Information provided:
======
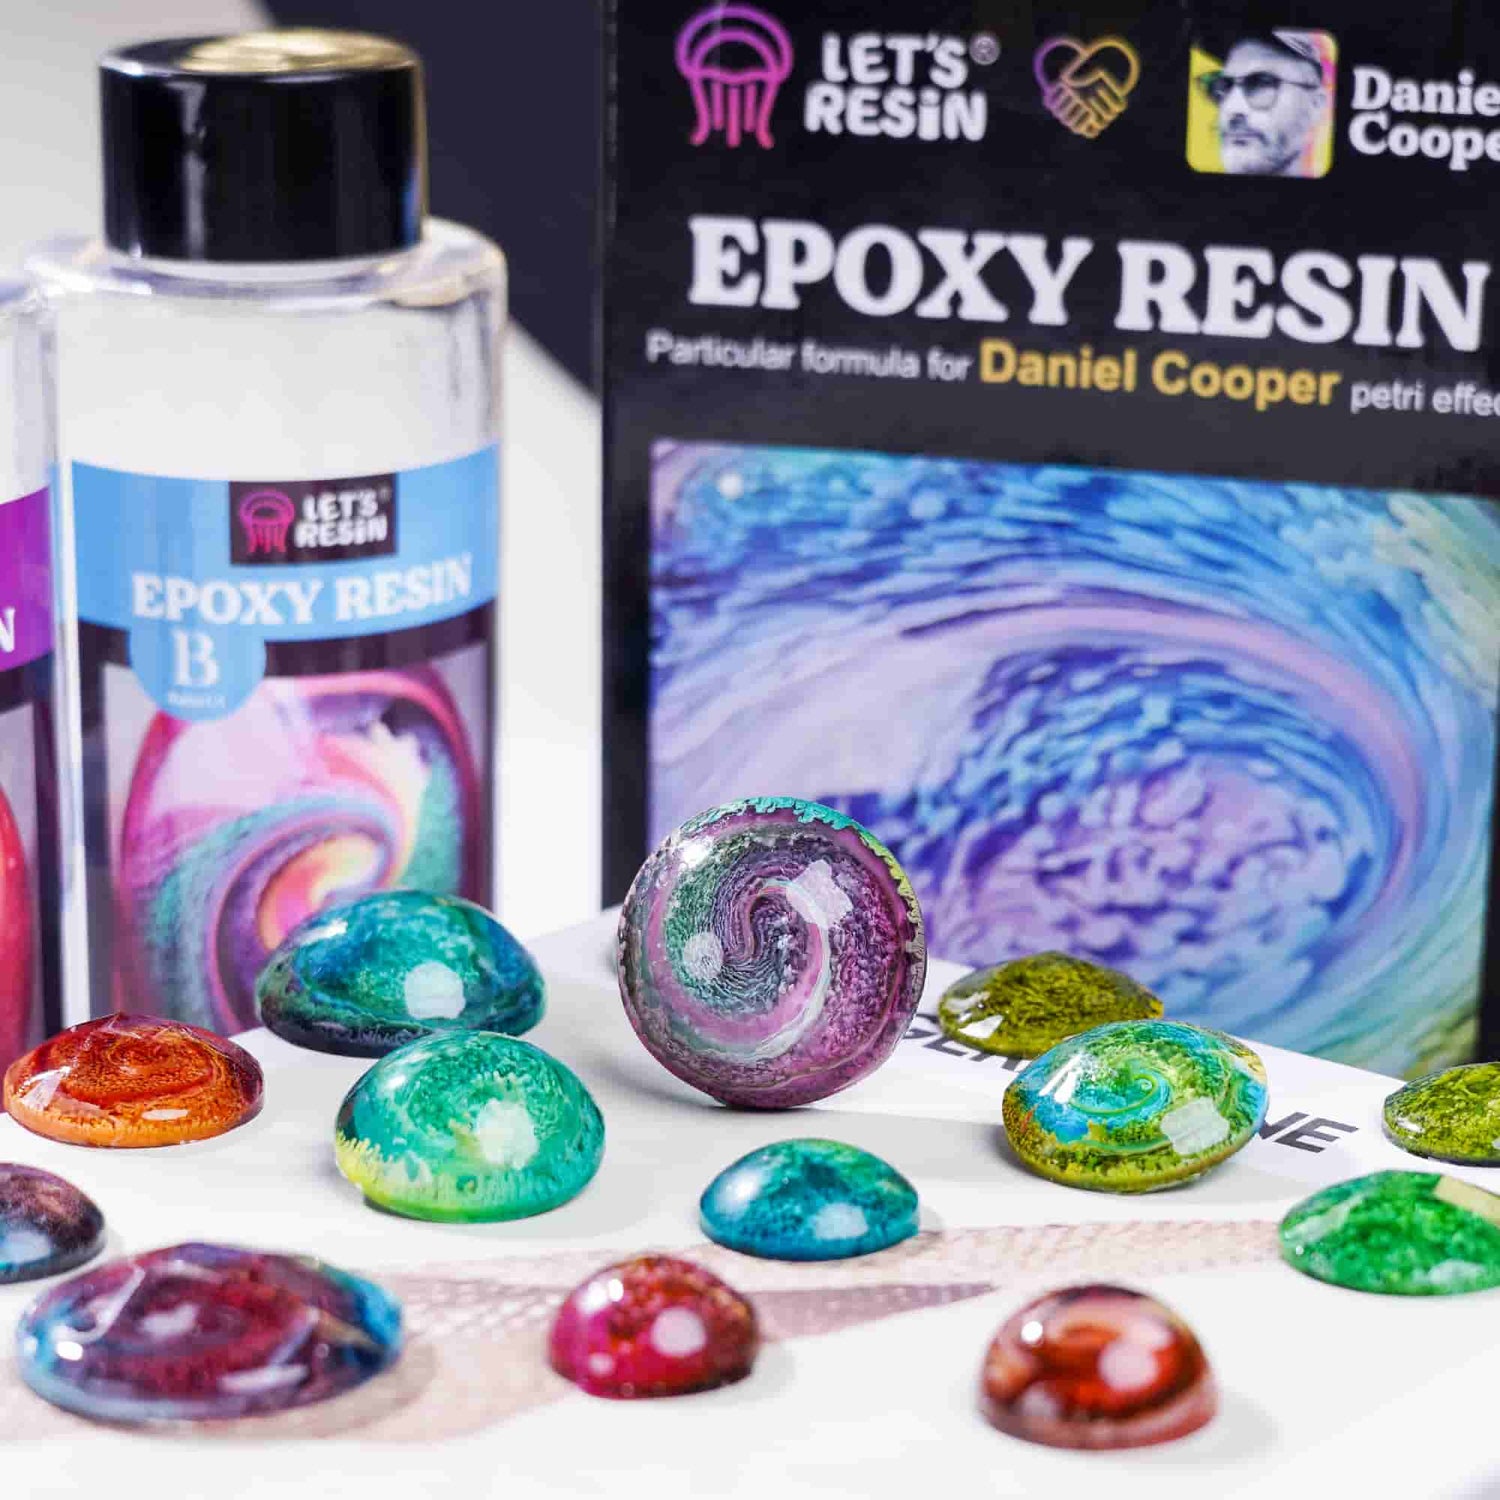  LET'S RESIN Epoxy Resin,Resin Coaster Molds Kit,16oz
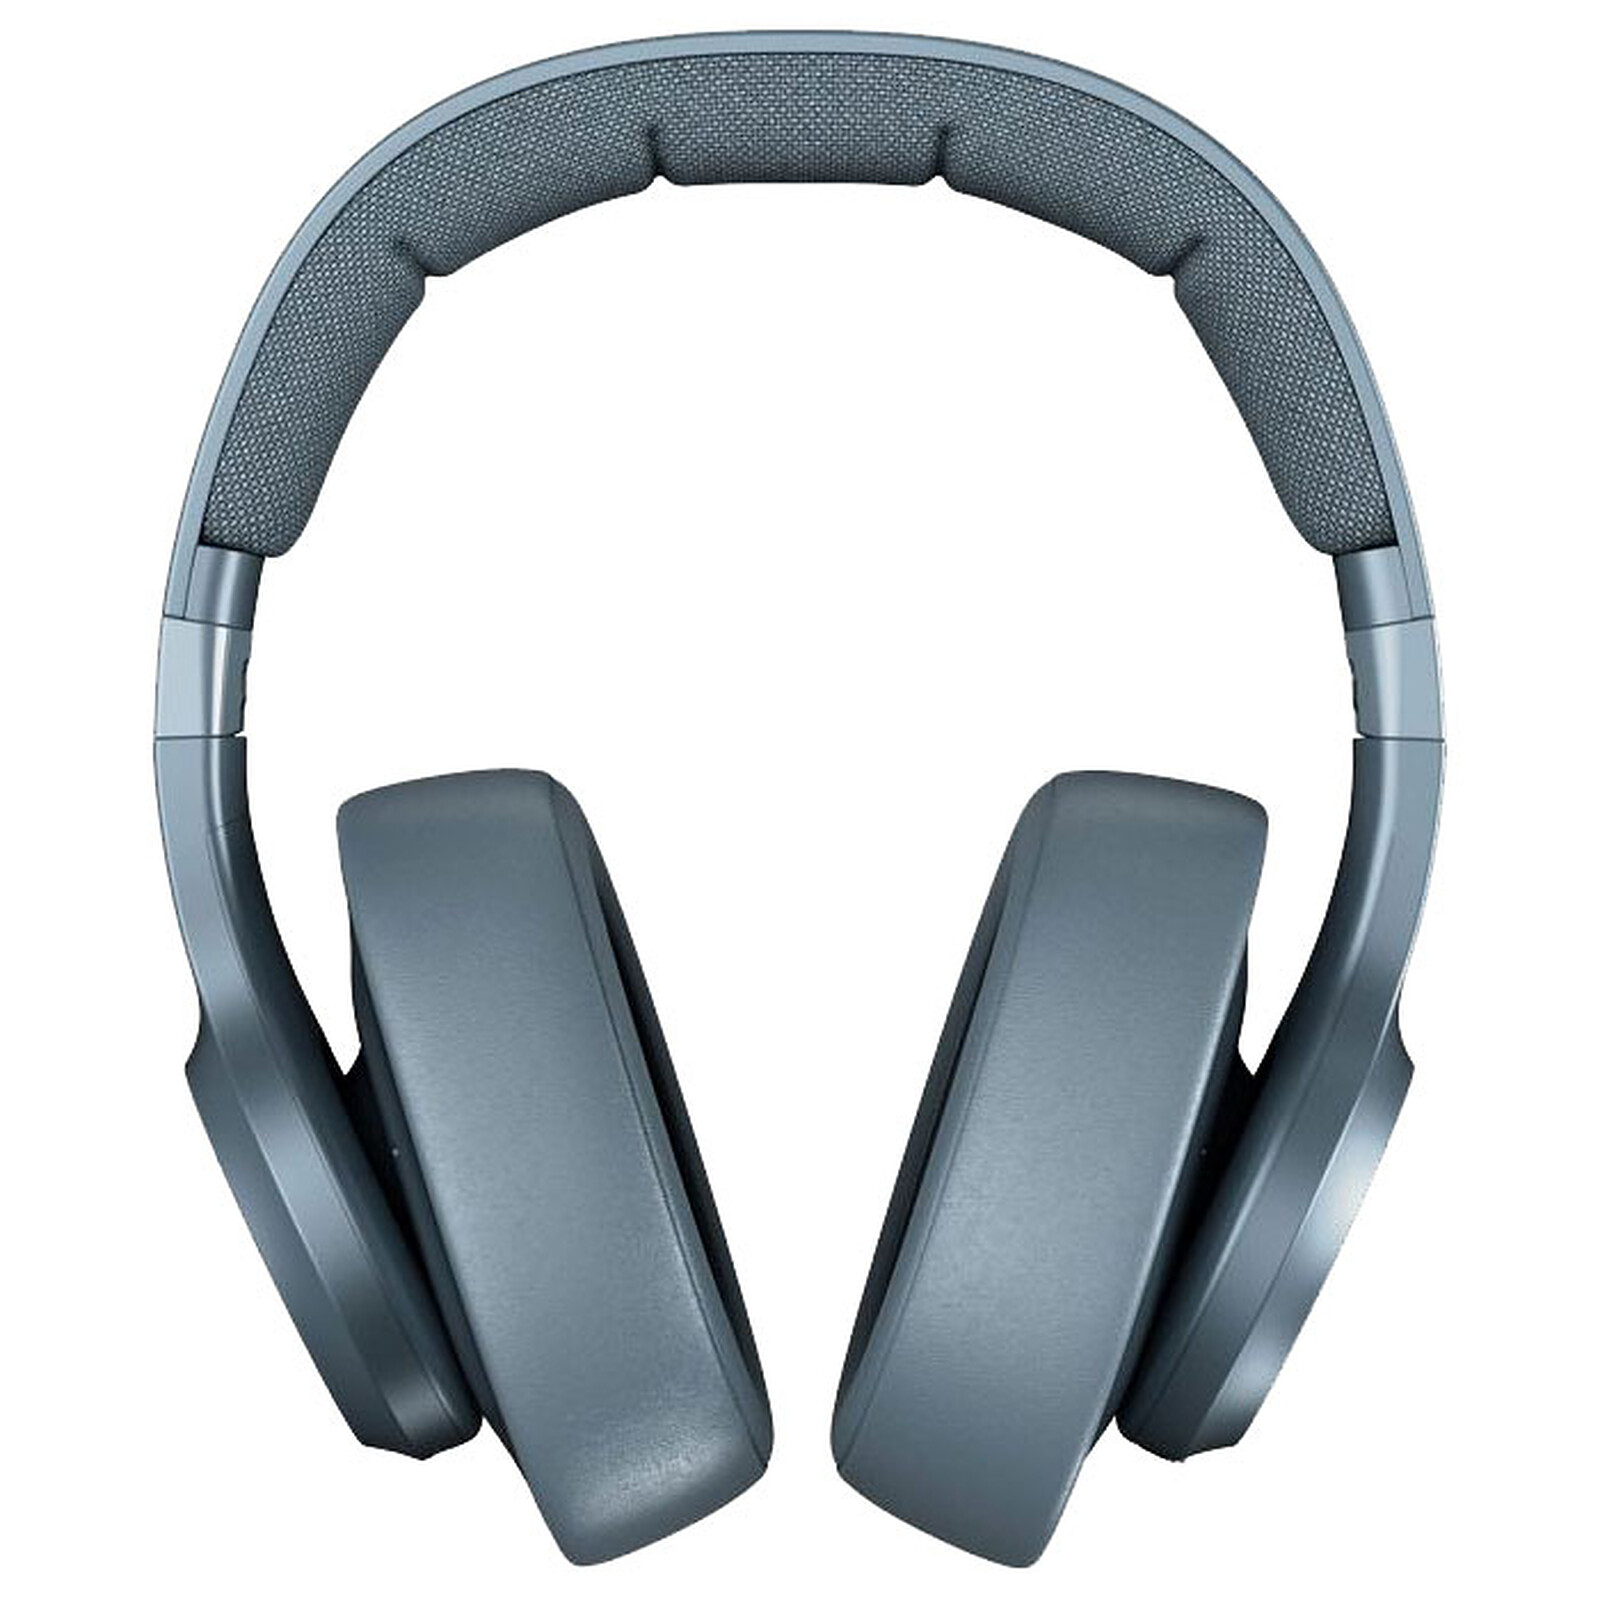 Dive - 3-year Blue Rebel 2 Clam LDLC warranty Fresh\'n - Headphones
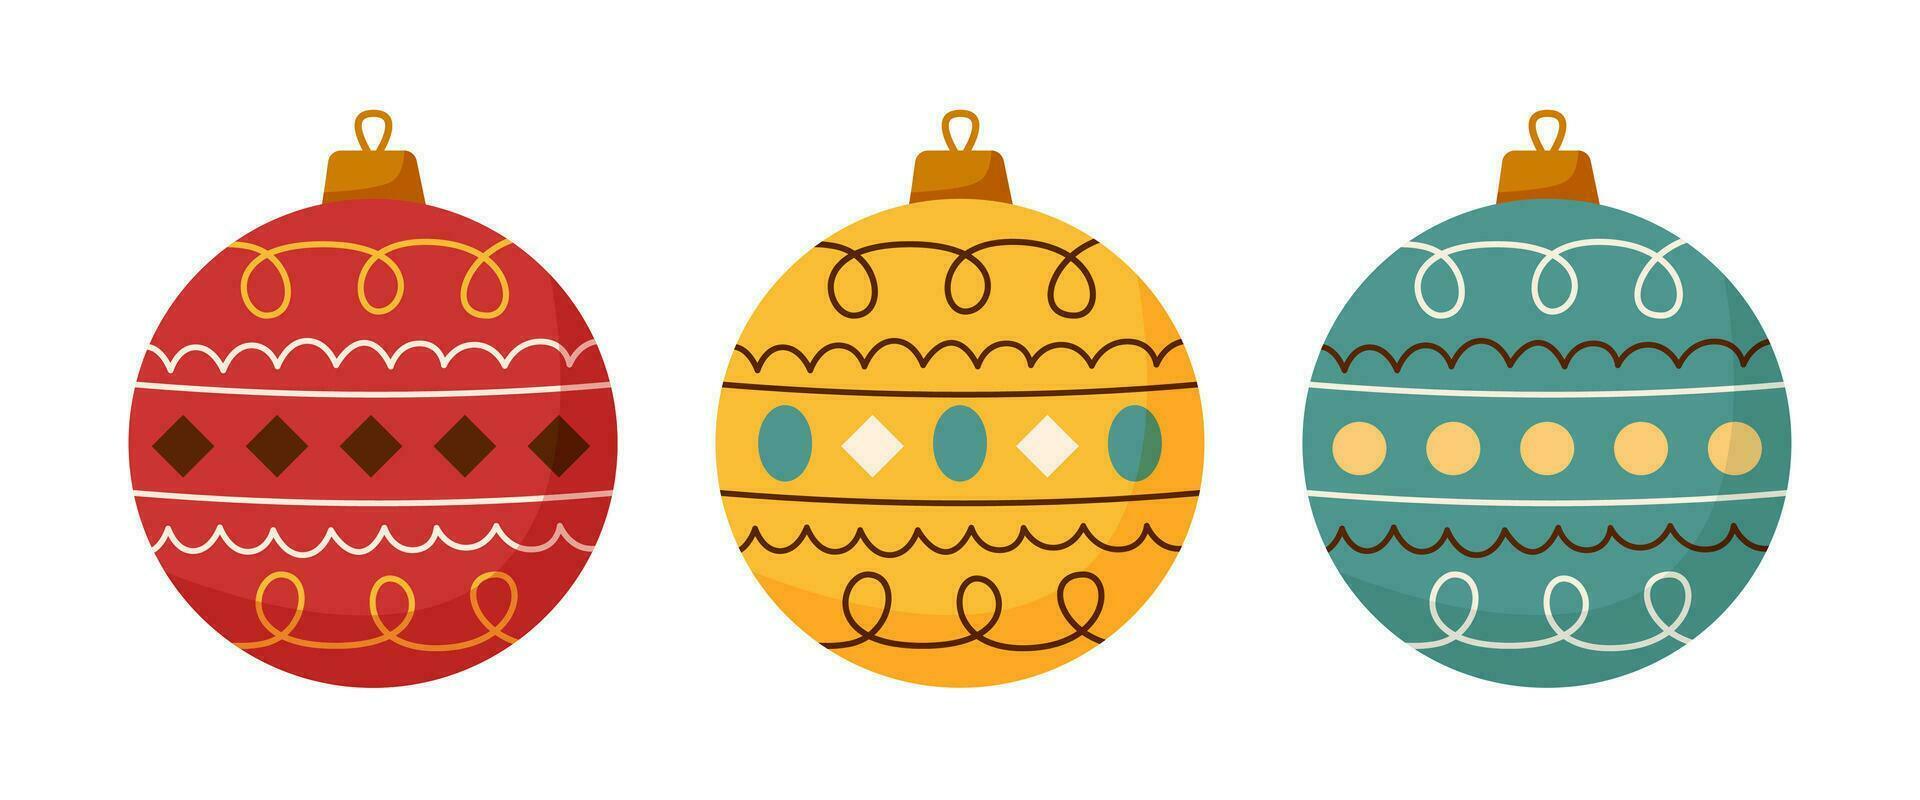 Ornaments Christmas set vector
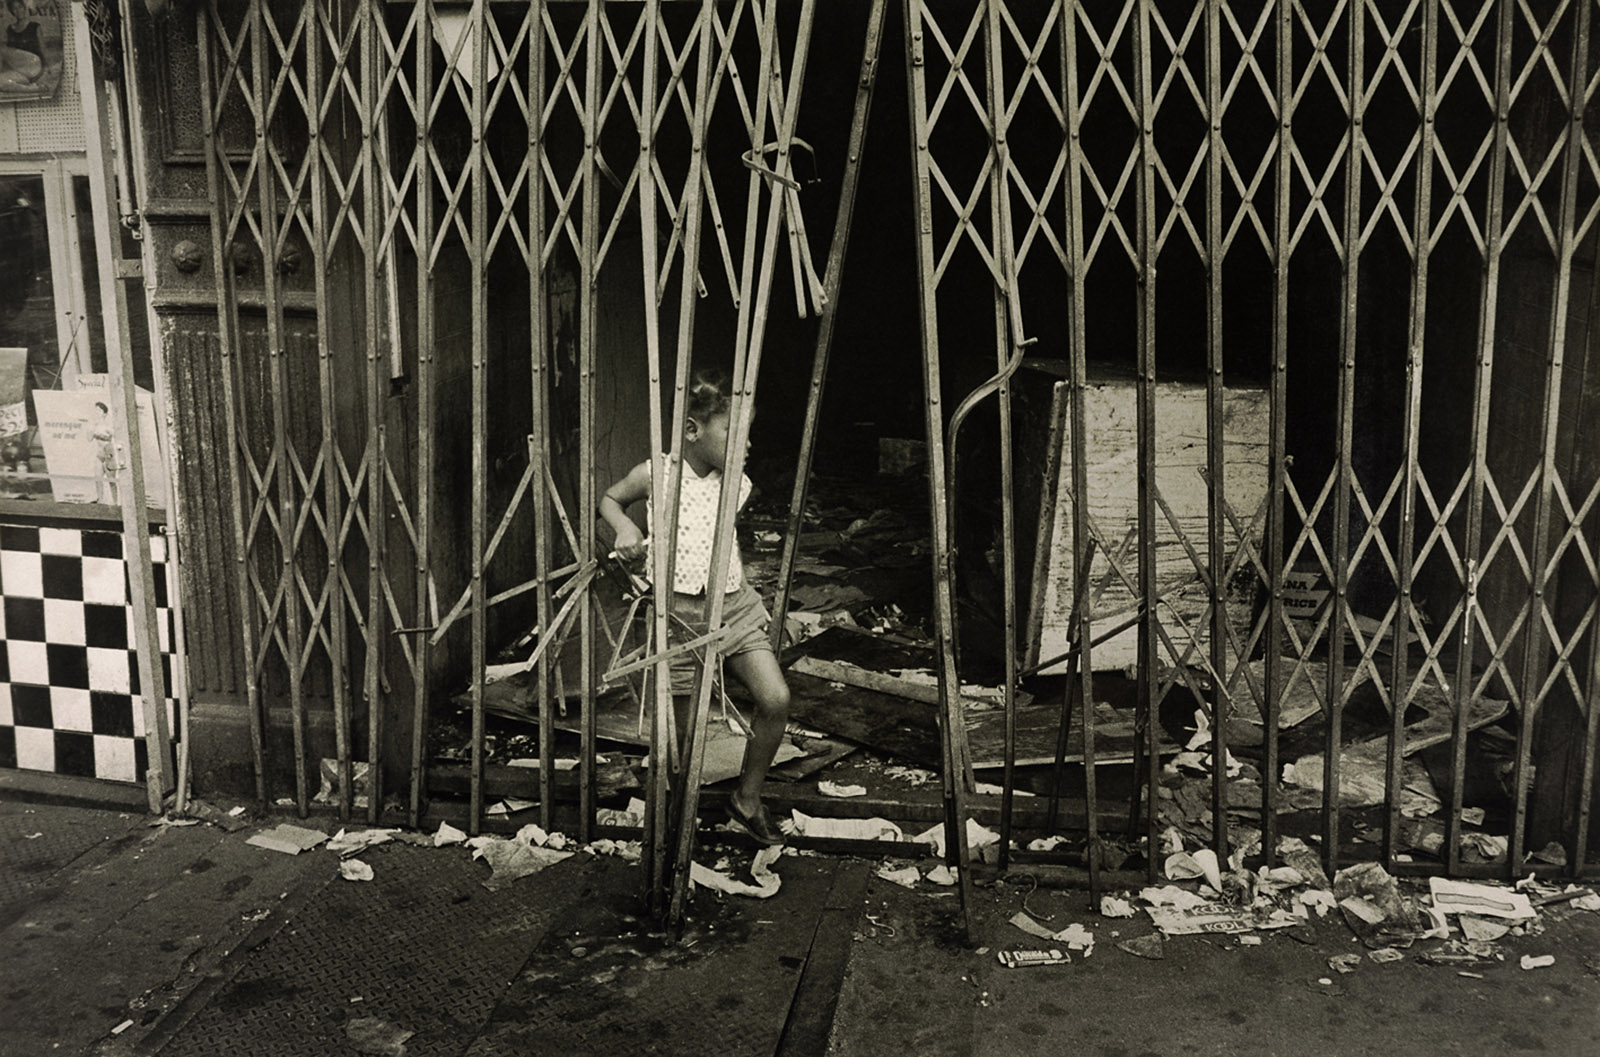 Criança brincando em meio ao lixo (Child Playing in the Trash), 1961, Henri Ballot. Gelatin silver print, 7.1 x 9.5 in. Copyright Instituto Moreira Salles Collection
======
Begin at the line containing "Dive - 3-year" and restate exactly every line through the end of the material, skipping the pictures.

Response area:
 Dive - 3-year Blue Rebel 2 Clam LDLC warranty Fresh\'n - Headphones
 Ornaments Christmas set vector
 Criança brincando em meio ao lixo (Child Playing in the Trash), 1961, Henri Ballot. Gelatin silver print, 7.1 x 9.5 in. Copyright Instituto Moreira Salles Collection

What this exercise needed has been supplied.